Muy de a poco fue abriendo sus ojos. Sabía que
ni bien cayera en la cuenta de cual era la realidad, preferiría no haber
despertado. Era temprano aún, pero su estómago no paraba de crujir dando claras
muestras de disconformidad. Estaba acostumbrado ya. No recordaba la última
ocasión en la que esa sensación no le carcomiera la mente. Quizás de chico,
cuando la civilización se encontraba al borde de un abismo que desconocía, y
dirigía sus acciones de modo casi automático en pos de un progreso y un
crecimiento tan vacíos como irreales.
De mala gana fue incorporándose en ese
desvencijado asiento trasero de un auto abandonado que hacía las veces del
aposento más cómodo del que había disfrutado en semanas. No recordaba su
nombre, aunque estaba bastante seguro de que era Mariano. O quizás Martín. Lo
que sí no recordaba era la última vez en la que lo había oído de boca de otro,
ya que estaba convencido de que el tiempo que había transcurrido desde la
última vez que había interactuado con un semejante era algo cercano a una
eternidad. Varios años hacía ya que había muerto su mujer, su sostén, como gran
parte del mundo que habitaban.
Sin embargo, su crujir interior era
ciertamente persistente, y lo hizo volver a la realidad. Tenía que ponerse en
marcha, porque quizás algún habitual grupo de bándalos llegaría a su parador, y
se apoderaría de lo único valioso de lo que disponía. Las pocas últimas gotas
de combustible que había logrado recolectar, y que guardaba como el elixir más
preciado en el interior del tanque de su motocicleta eran ese tesoro. Con
desgano, pero con la certeza de que era lo mejor que podía hacer, abandonó ese
galpón y fue dejando atrás ese auto abandonado que le había servido de
albergue.
Hacía ya mucho tiempo que transitaba los
caminos, sin ningún lugar a donde ir. La supervivencia era su única meta, y su
fiel motocicleta y un tentador revolver con una sola bala su única compañía. No
recordaba como había adquirido ninguno de esos instrumentos, y solo estaba
seguro de que había sido al morir Agustina. Después, de paraje en paraje,
consumiendo lo que encontrase y durmiendo donde pudiese reposar sin ser
perturbado, fue transcurriendo sus días. Días que se transformaron en meses, y
meses que fueron años. Con todo esto en su mente, se puso un andrajoso abrigo
que encontró entre un montón de chapas, y emprendió nuevamente su marcha.

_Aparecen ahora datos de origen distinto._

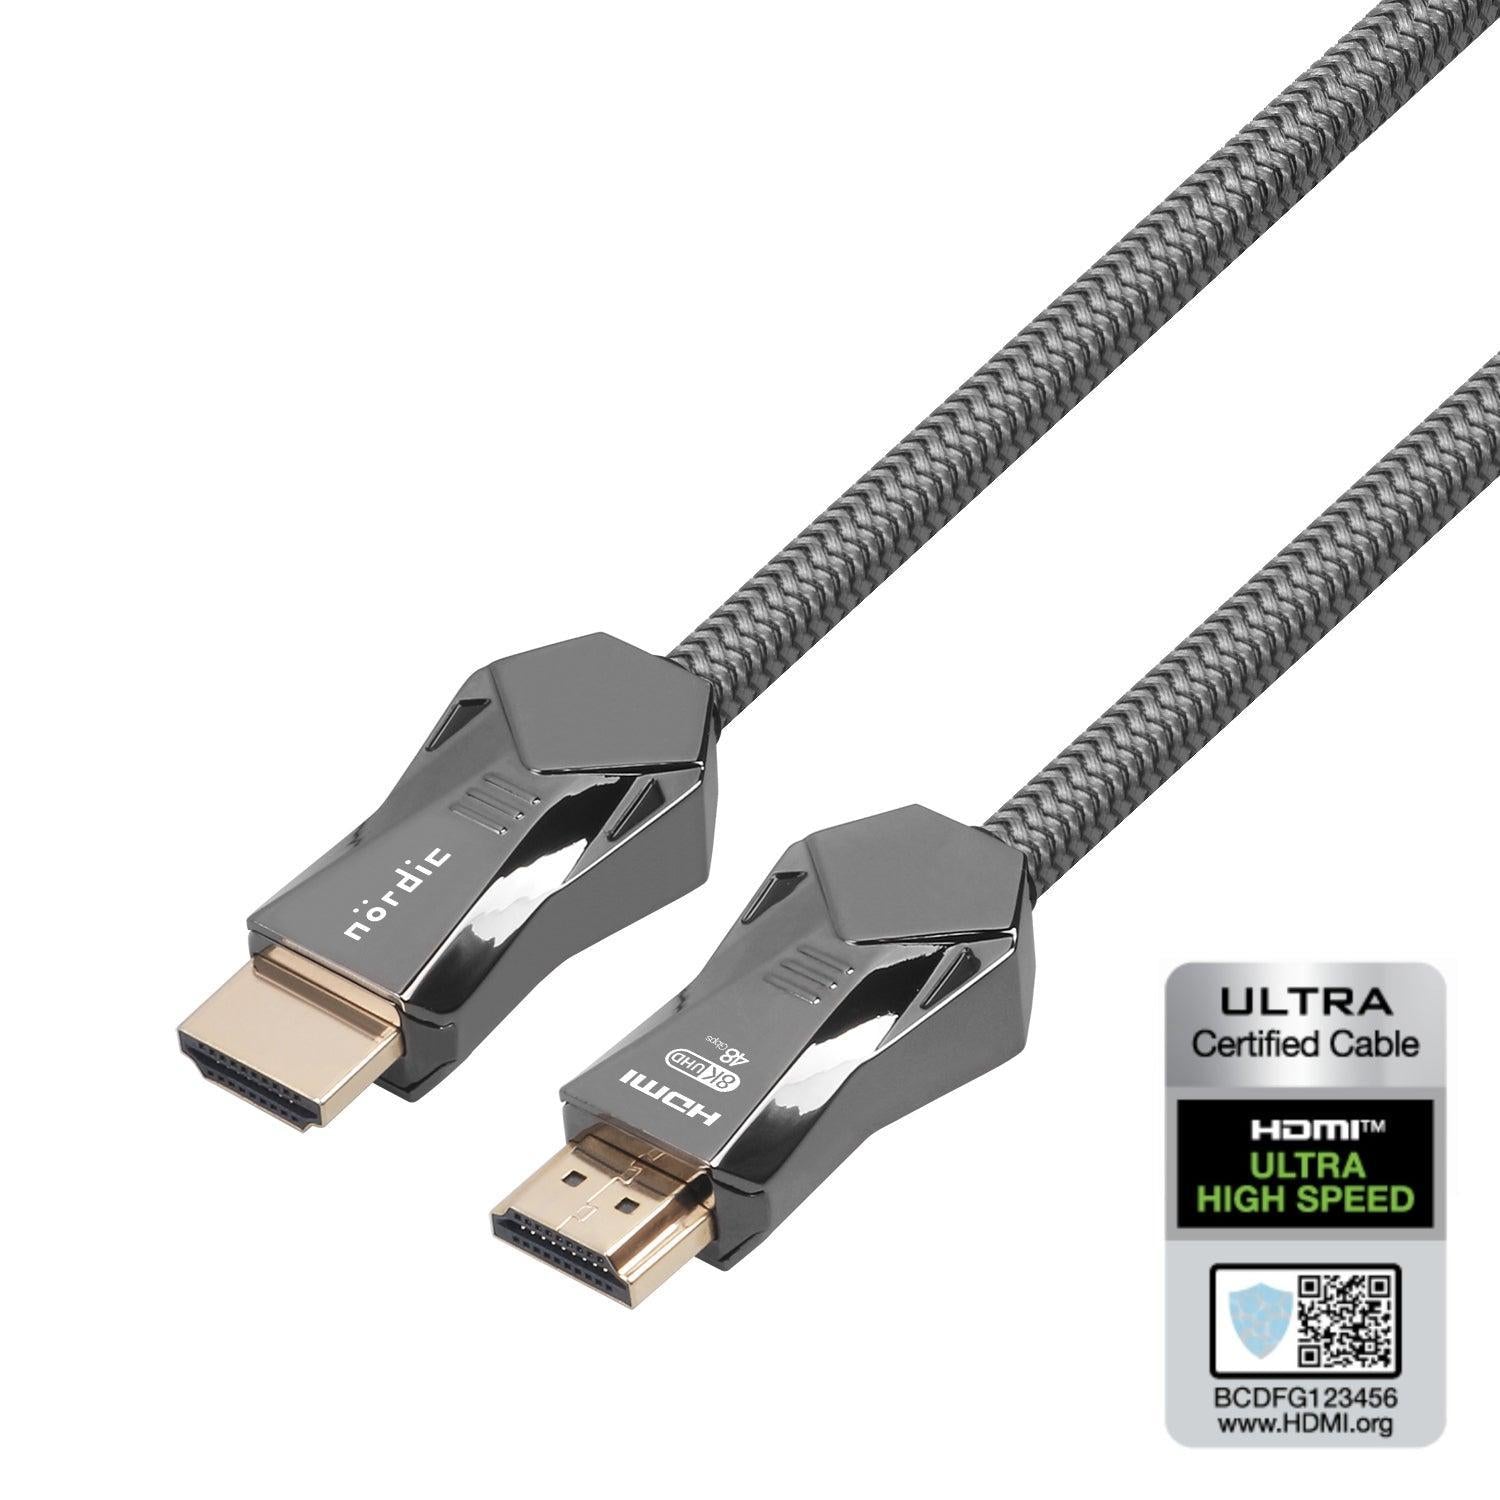 NORDIC CERTIFICEREDE KABLER 2m Ultra High Speed HDMI 2.1 8K 60Hz 4K 120Hz 48Gbps Dynamic HDR eARC VRR Nylon flettet kabel forgyldt

Sabía que hacía mucho tiempo que había dejado
atrás San Nicolás, pero no sabía a ciencia cierta en qué lugar del país se
encontraba. Estaba perdido, pero eso no lo preocupaba demasiado. Sabía que en
realidad lo único que lograba intentando subsistir era retrasar su muerte.
Necesitaba urgentemente más de ese oro negro y líquido que tanto cuidaba, y
estaba seguro de que era prácticamente una utopía. No sabía donde estaba pero
si sabía que era menester encontrarlo, aunque solo pareciese haber desierto en
cada una de las direcciones en las que mirara.
Cada vez estaba más seguro de que no lo lograría,
pero seguía sin asustarse. En el fondo quería terminar todo. Estaba esperando
que el motor se detuviese para marcar el final de su camino, y ese guiño del
destino no se hizo esperar. De ahí en más, el calor y la locura. La inútil
espera y el frío desgarrador contrastaban en la noche. Todos los esfuerzos
durante tantos días eran nulos e insignificantes al lado de lo que vivía en
estos momentos. Días largos e interminables, cada vez más precarios. Y de
repente, la lucidez. En la funda de su moto se encontraba la salvación. Con las
pocas fuerzas que aún no habían abandonado su cuerpo se arrastró hacia allí, para
asir con sus dedos el frío metal del revolver que había olvidado.